Unnamed: 0_level_0,aye_mean,nay_mean,other_mean
party.labels,Unnamed: 1_level_1,Unnamed: 2_level_1,Unnamed: 3_level_1
Democrat,70.080808,146.60101,103.318182
Republican,121.868996,106.834061,91.296943


## Step 5: Build a Function

In [None]:
import pandas as pd

def analyze_party_voting_patterns(file_path):
    df = pd.read_csv(file_path)
    df = df.dropna()
    party_grouped = df.groupby('party.labels').agg(
        aye_mean=('aye', 'mean'),
        nay_mean=('nay', 'mean'),
        other_mean=('other', 'mean')
    )

    return party_grouped

## Step 6: Conclusion
According to the results we got, the nay rate of democrat people have more probability to nay vote, and for aye, the republican people have more probability to aye vote.

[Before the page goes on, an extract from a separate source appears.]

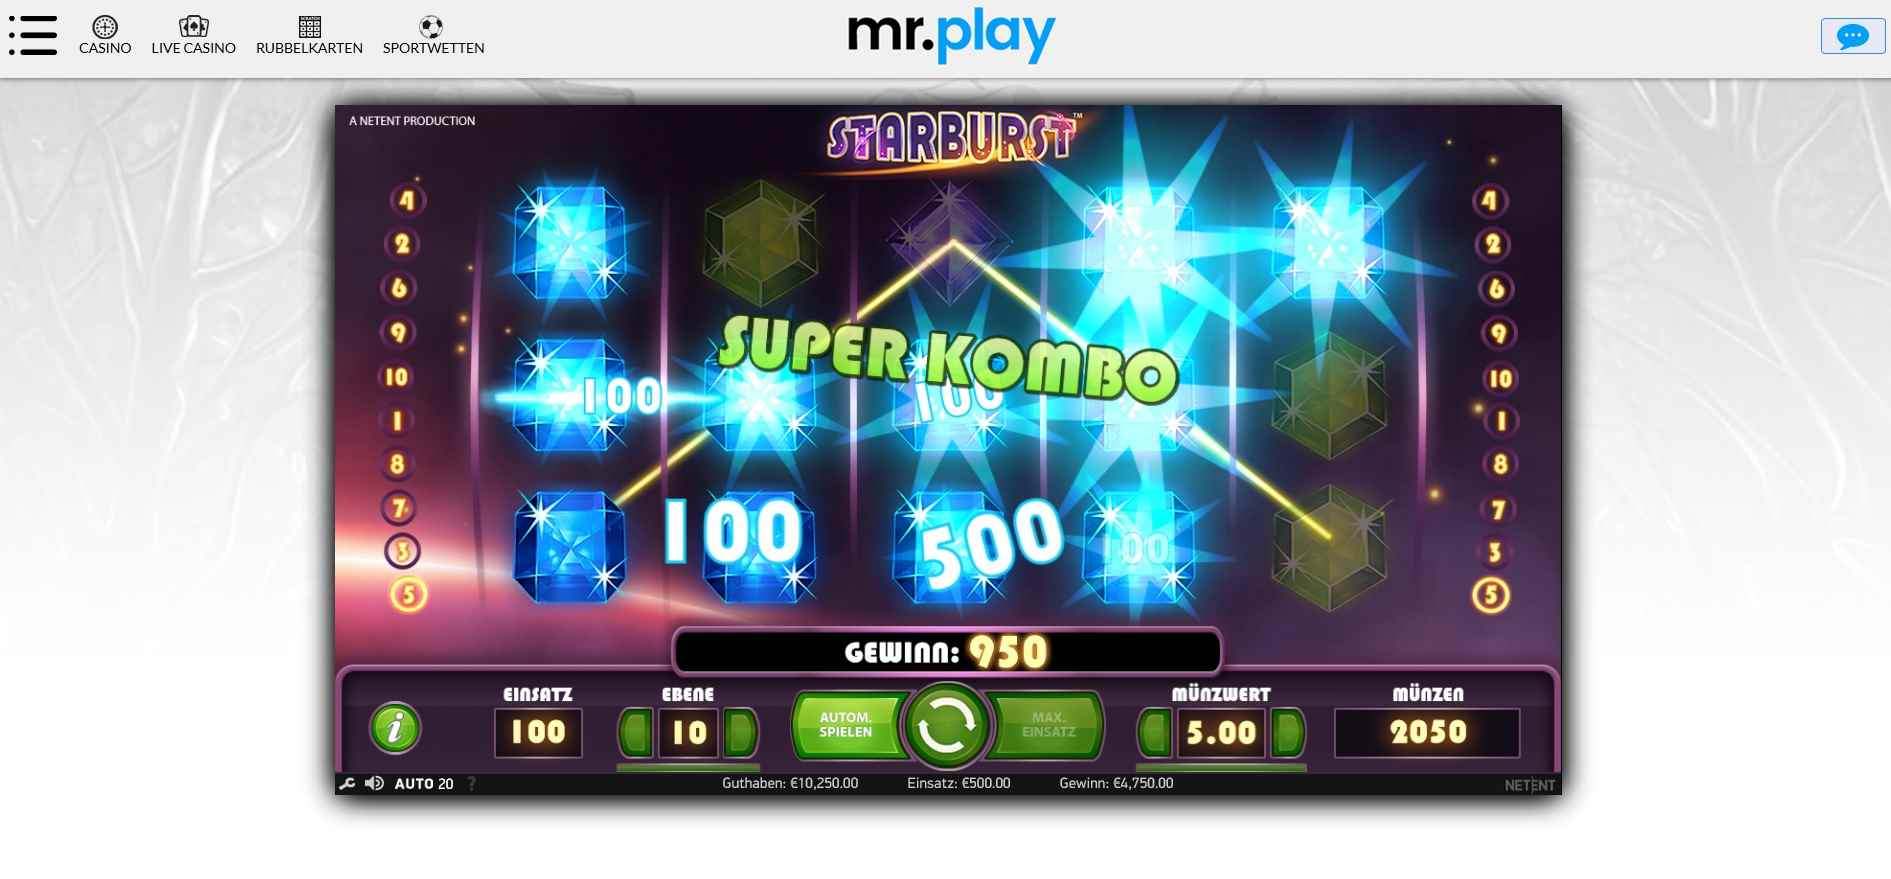 MrPlay spielen

# Question 2: Are there significant differences in voting patterns between members of the Republican and Democratic parties?

# Pseudocode

1. Read the data and parse the CSV file.
2. Clean up missing data (delete or populate NaN values).
3. Sort in descending order according to the "Aye" column.
4. Select the top 10 members.
5. Calculate the party distribution of these members

## Step 1: Import Dataset

In [54]:
import pandas as pd
df8 = pd.read_csv("house_votes_Rep.csv")
df8.head()

Unnamed: 0,Last.Name,party.labels,aye,nay,other
0,Courtney,Democrat,66,163,91
1,Lewis,Democrat,59,145,116
2,Bera,Democrat,84,141,95
3,McCollum,Democrat,74,154,92
4,Olson,Republican,127,103,90


## Step 2: Clean Missing Data

In [55]:
df8.isna().sum()
df8 = df8.dropna()

## Step 3: Sort by "aye" in descending order

In [57]:
df9 = df8.sort_values(by="aye", ascending=False)
df9.head()

Unnamed: 0,Last.Name,party.labels,aye,nay,other
318,Kelly,Republican,132,112,76
304,Womack,Republican,132,106,82
163,Upton,Republican,132,106,82
190,Capito,Republican,132,103,85
422,Petri,Republican,131,96,93


## Step 4: Get the Top 10, and calculate which party they belong to

In [64]:
df10 = df9.head(10)
result = df10['party.labels'].value_counts
print(result)

<bound method IndexOpsMixin.value_counts of 318    Republican
304    Republican
163    Republican
190    Republican
422    Republican
381    Republican
69     Republican
332    Republican
187    Republican
265    Republican
Name: party.labels, dtype: object>


## Step 5: Conclusion
According to what we got, we can see an interesting pattern, the aye top 10 voter are all republican. Perhaps it has something to do with the party's approach to government？